Faridkot is a city in the South-western part of state of Punjab, India. It serves as the headquarters for both, the Faridkot district. as well as the Faridkot Division. The division was established in 1995 at Faridkot which includes Faridkot, Bathinda and Mansa districts.

Etymology
The city is named in the honor of Baba Farid, a revered 13th century Sufi saint whose shrine is located in Pakpattan, Pakistan. The town of Faridkot was founded during this century as Mokalhar by Raja Mokalsi, the grandson of Rai Munj, a Bhatti Chief of Bhatnair, Rajasthan. According to a popular folklore, the Raja renamed Mokalhar to Faridkot after Baba Farid paid a visit to the town. It remained the capital during the reign of Mokalsi's son Jairsi and Wairsi.

History
The historic fort of Quila Mubarak exists since the times of Baba Farid. However, the foundation of the modern city as a princely state was laid in 1763 by Hamir Singh.Beginning in 1807, the city was briefly under the rule of Maharaja Ranjit Singh till 1809. It was restored to the reigning Brar family thorugh British intervention.

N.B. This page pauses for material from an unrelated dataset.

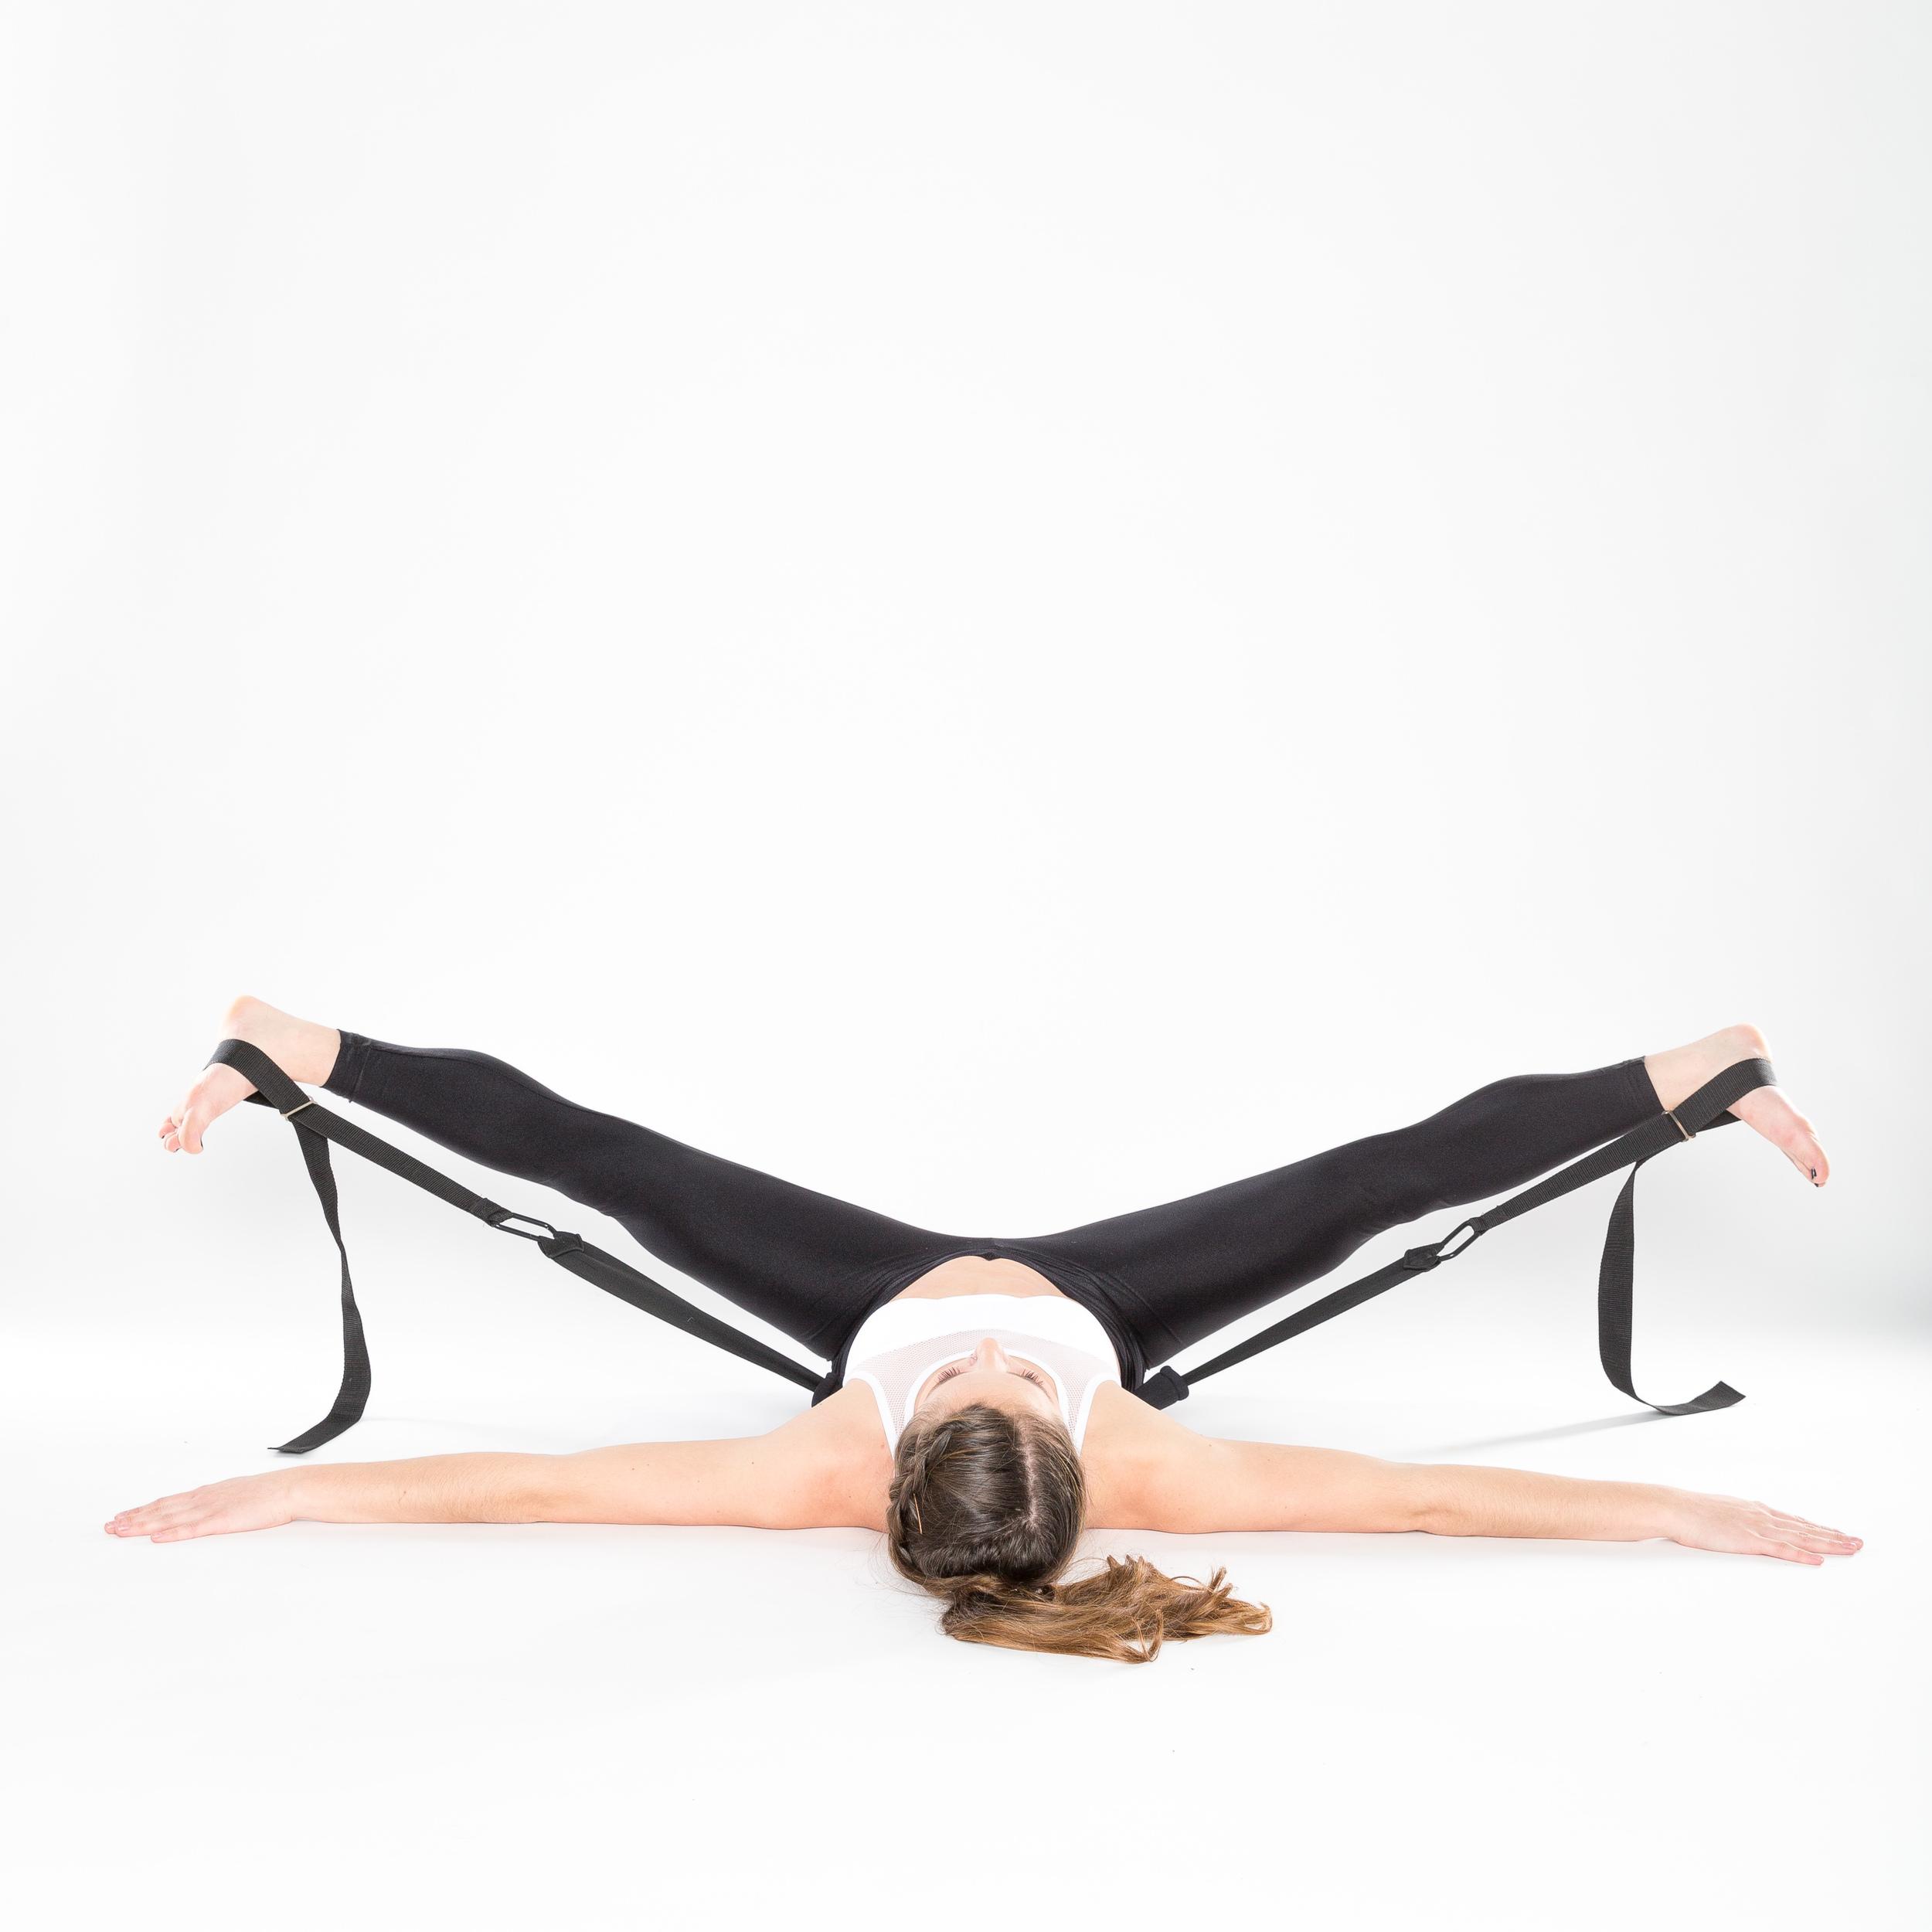 FLX_Yoga_Holtz-167.jpg
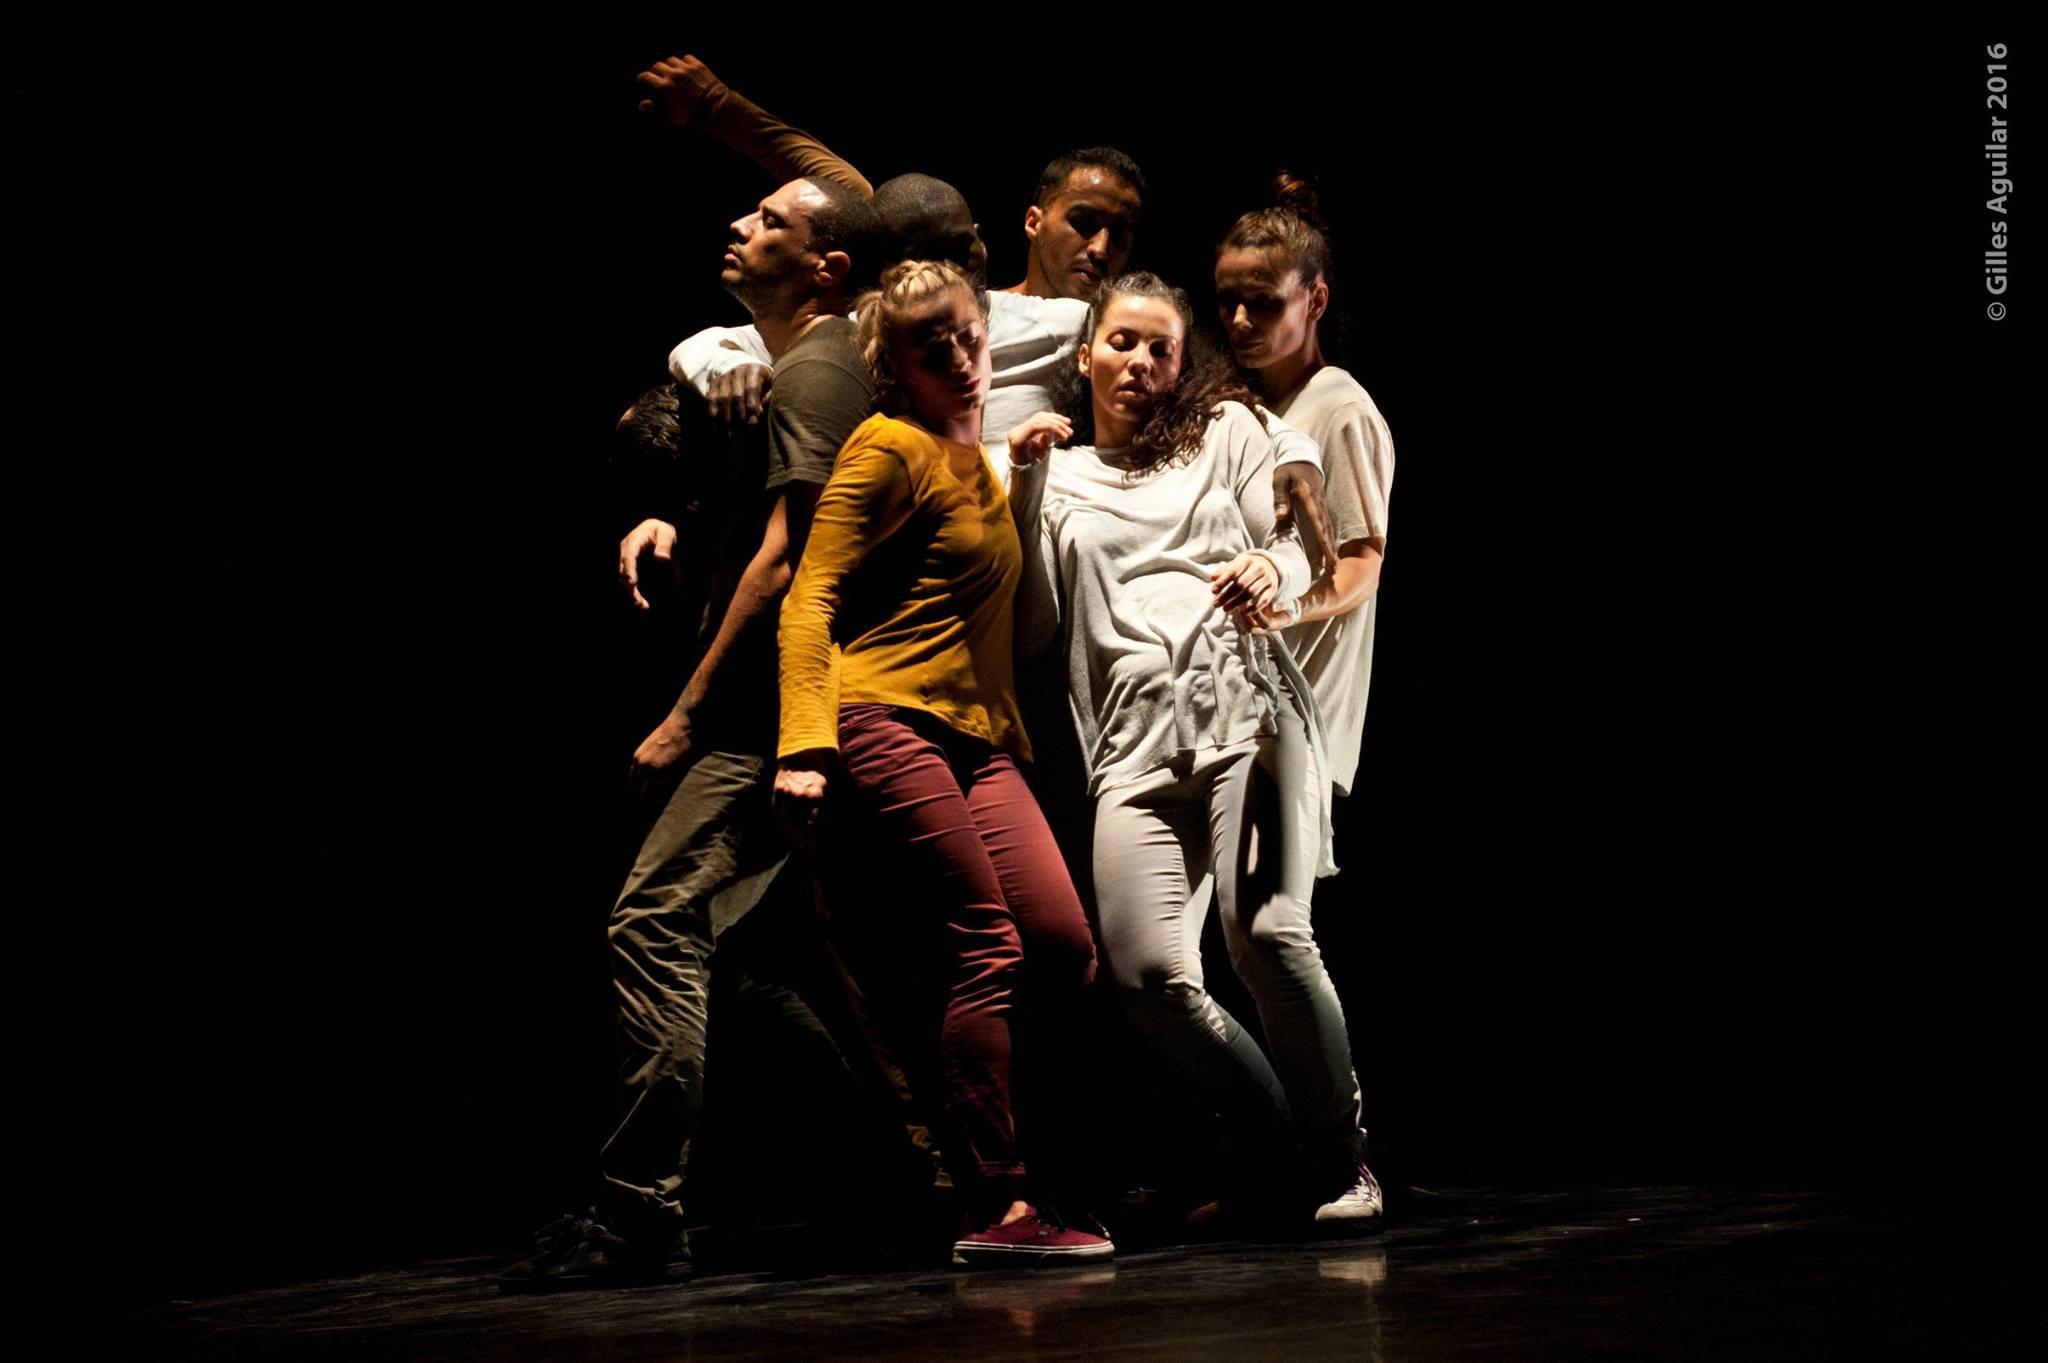 Image 3  Julie Cherki  Résistances 3 Cie Stylistik à Karavel.jpg

The city continued as the capital of Faridkot State under British suzerainty till 1947.Later, it became a part of the Patiala & East Punjab States Union (PEPSU) in 1948. Faridkot was carved out as a separate district on 7 August 1972 out of the areas of erstwhile Bathinda District (Faridkot Tehsil) and Ferozepur District (Moga and Muktsar Tehsils). Further, in November 1995 the Faridkot District was trifurcated when two of its sub divisions viz. Muktsar and Moga were given the status of independent districts under the leadership of CM Harcharan Singh Brar of Muktsar

Government body
The Municipal Council Faridkot came into existence in the year 1948 and now has a Class -I status. Uma Grover is the current President of the council and Kushaldeep Singh Dhillon of Indian National Congress is the member of Legislative Assembly from the town elected in 2017.

Geography
The average elevation is 196 metres (643 ft). The town is located on the Punjab Plains, which in a macro regional context forms a part of greater Satluj Ganga plain. It is a low-lying flat area. The surface of the district is depositional plain which was formed by alleviation by the rivers flowing in these plains. Sirhind Feeder and Indira Gandhi Canal pass through the district.
The topography of the district is plain, with only 1.4% of its area under forest cover.

Demographics
 India census, Faridkot had a population of 618,008 which constitute about 2% of the total population of Punjab. Males constitute 327,121 of the population and females 290,887.The population density in this district is 424 persons per km2. Faridkot has an average literacy rate of 70.6%: male literacy is 75.9%, and female literacy is 64.8%.

Transport
Faridkot city is well connected by road through National Highway 54. Faridkot railway station, located in the city lies on Bhatinda - Firozpur line. Many trains connect Faridkot to other major cities in Punjab and other states. The nearest airport, Sri Guru Ram Dass Jee International Airport is located near Amritsar.

Climate
The climate of the Faridkot is mostly dry, characterized by a very hot summer, a short rainy season and a bracing winter. The cold season is from November to March. it is followed by the summer season which lasts up to the end of June. The period from July to the middle of September constitutes the southwest monsoon season. The later half of September and October is the post-monsoon or transition period. The temperature increases rapidly beginning with the end of March till June, which is the hottest month, with the mean daily minimum temperature about 41 °C and the mean daily minimum about 26.5 °C. The temperature is intensively hot during this period. The maximum temperature can go beyond 47 °C on some days. With the onset of the monsoon by the end of June or early July, there is an appreciable drop in the day temperature. After October, both the day and night temperatures decrease rapidly till January which is the coldest month. The mean daily maximum temperature in January is about 20 °C and the mean daily minimum about 4.5 °C.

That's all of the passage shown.